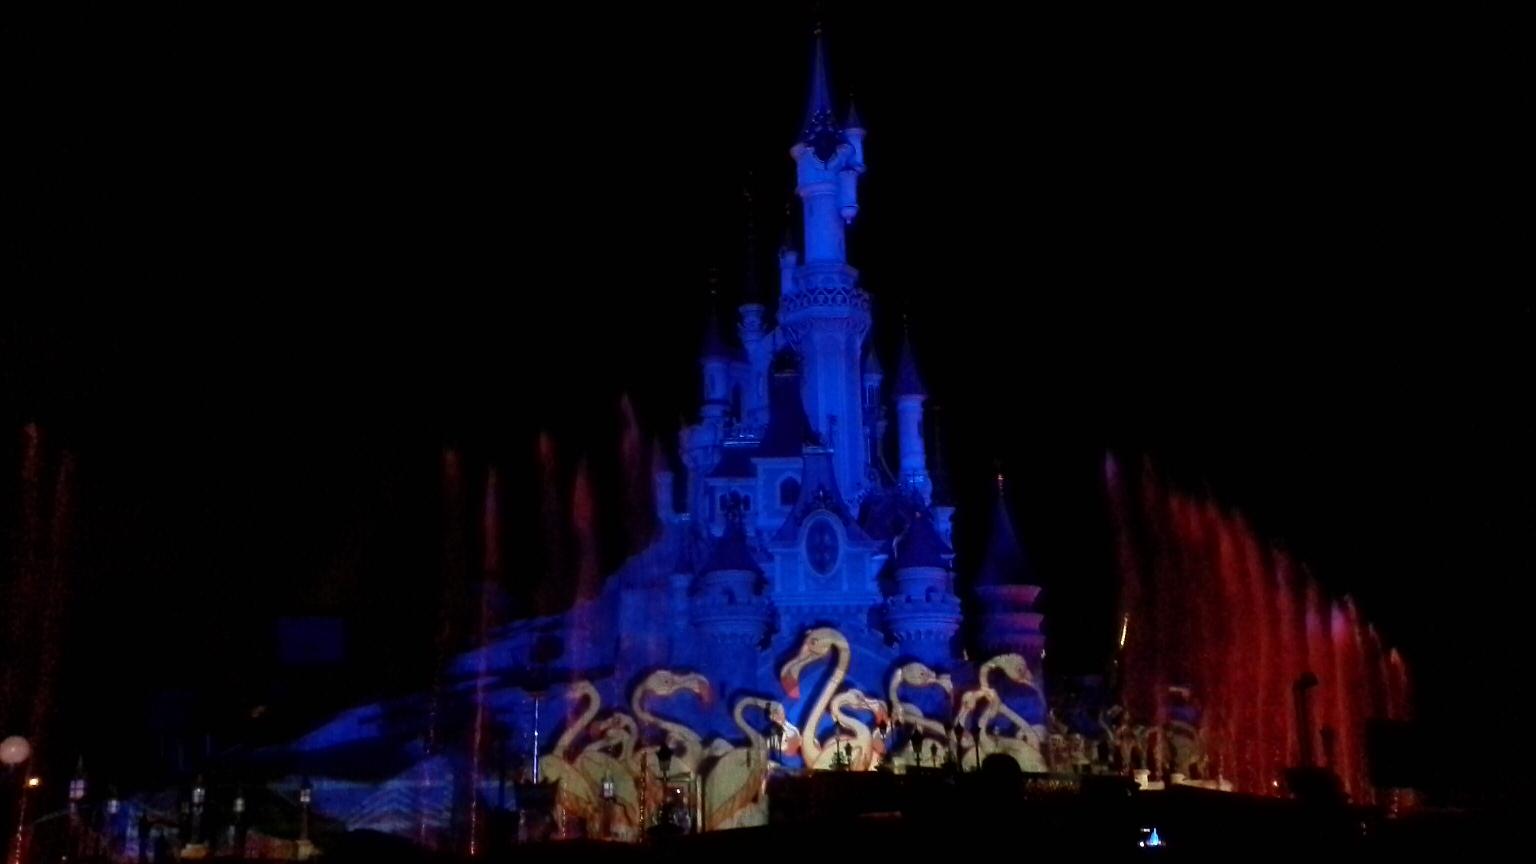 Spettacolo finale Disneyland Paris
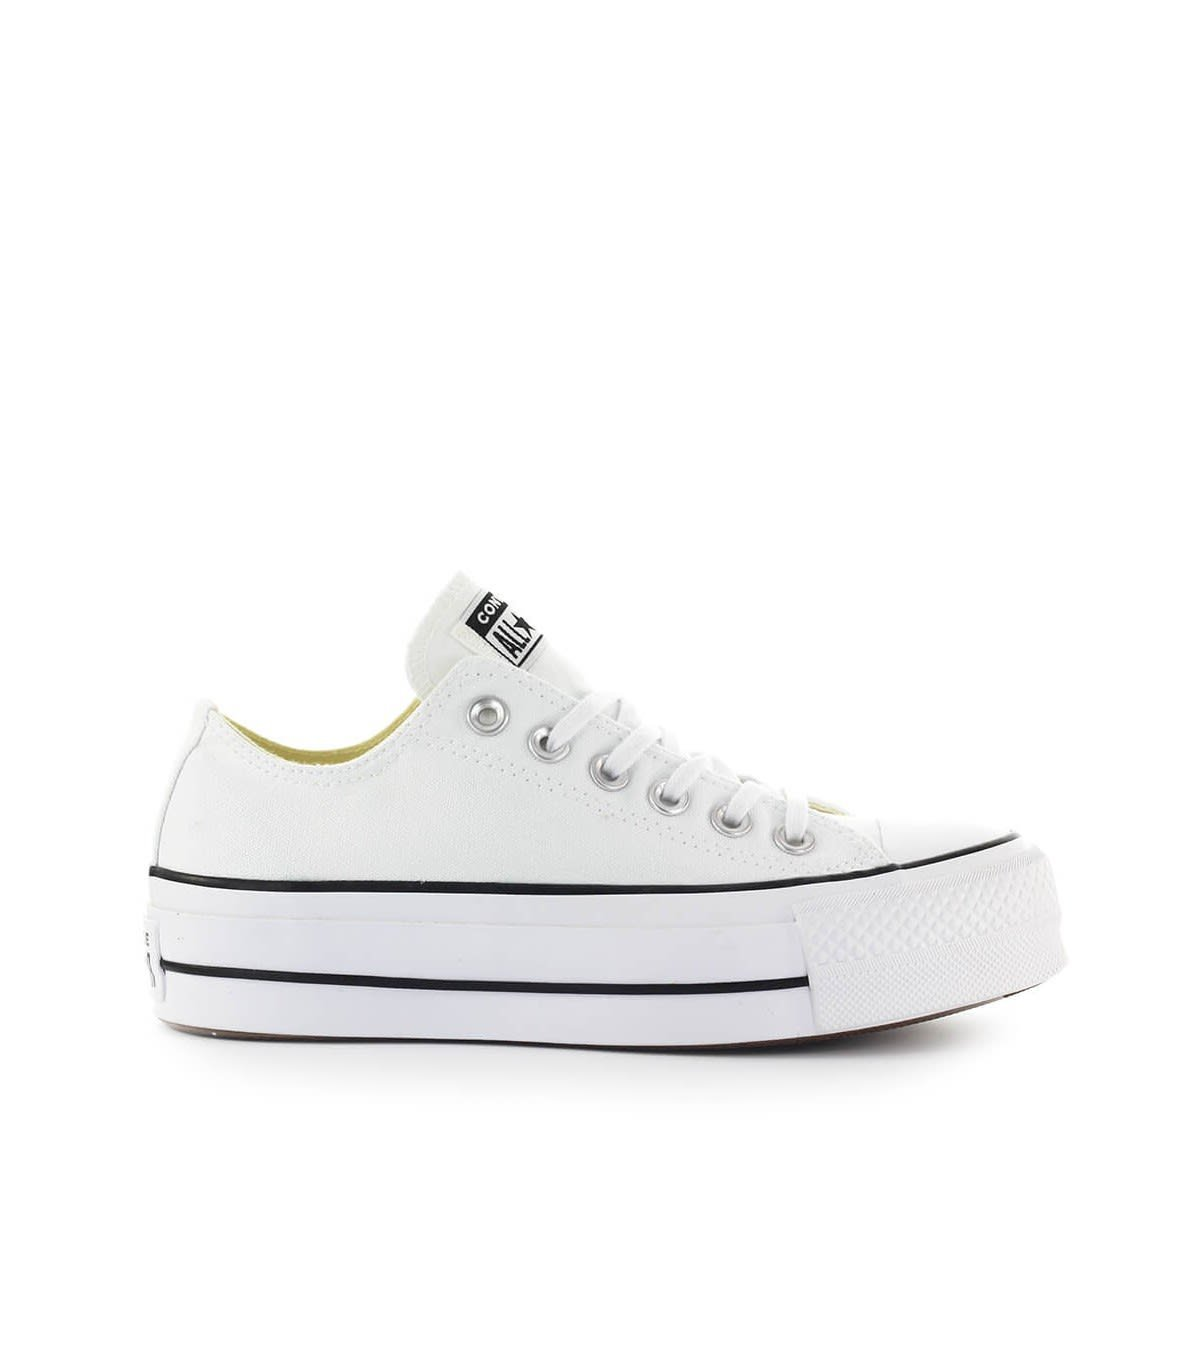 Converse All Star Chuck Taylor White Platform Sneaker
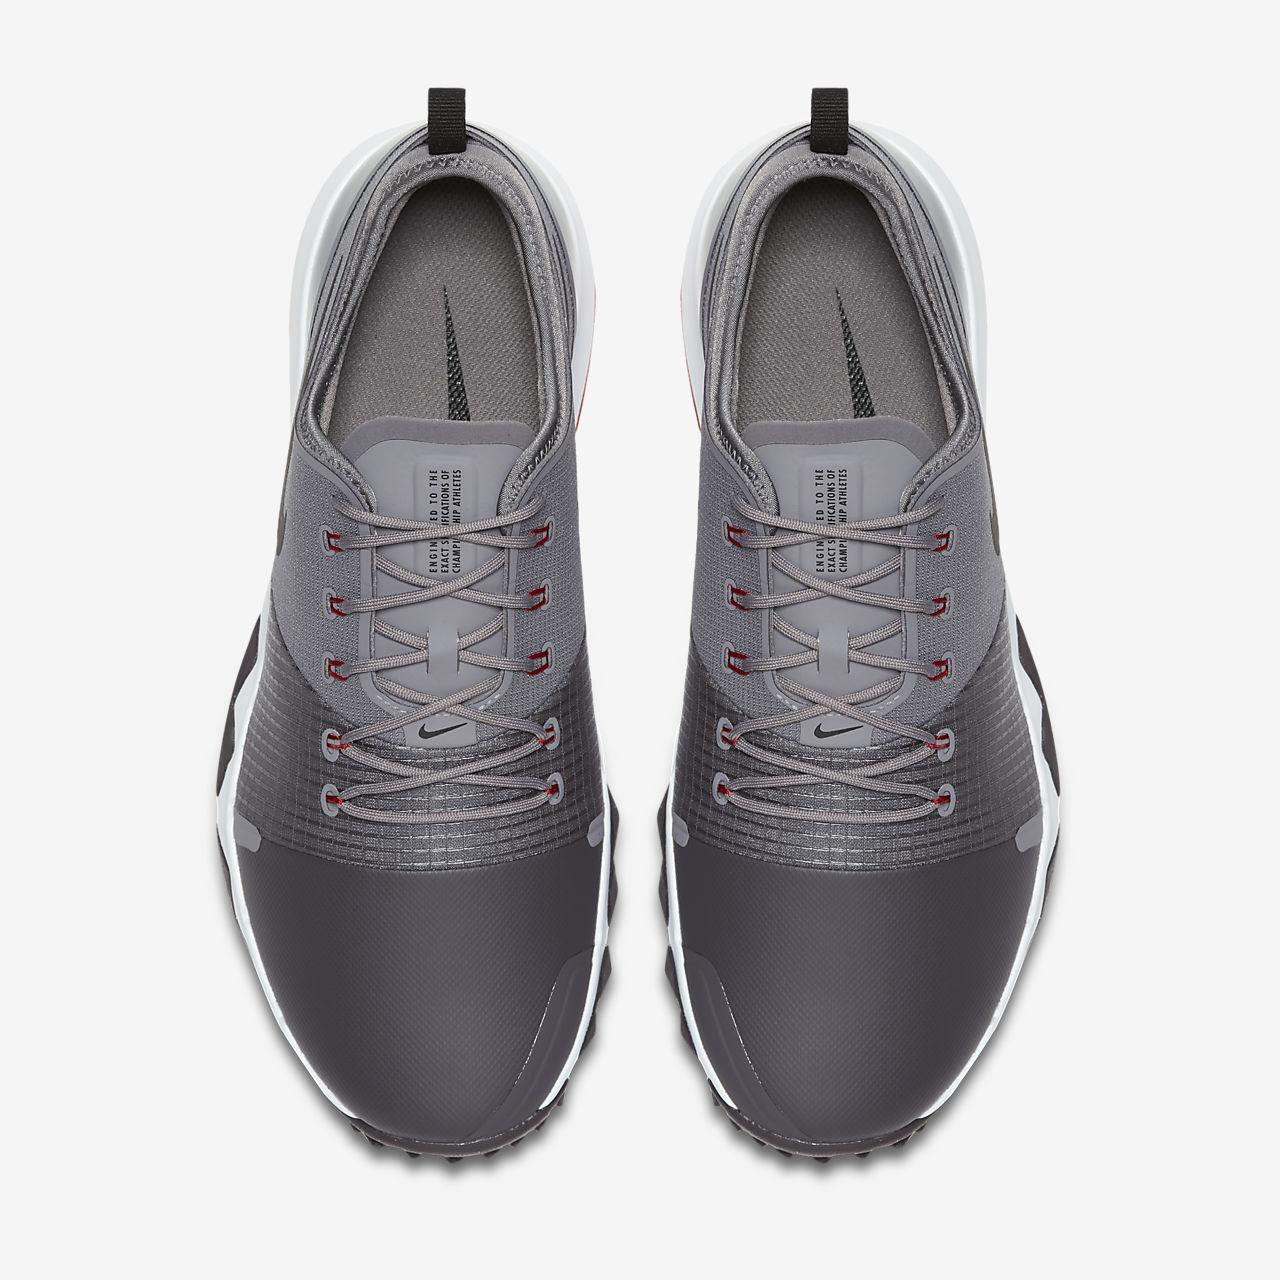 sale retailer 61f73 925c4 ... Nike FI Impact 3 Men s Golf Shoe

■ ■ ■ ■ ■ ■ ■

TO DO —
Write out, exactly as they appear, the lines from the one containing "Converse All Star" through the end of the material above, excluding pictures.

OUTPUT FOR THIS TASK —
 Converse All Star Chuck Taylor White Platform Sneaker
 sale retailer 61f73 925c4 ... Nike FI Impact 3 Men s Golf Shoe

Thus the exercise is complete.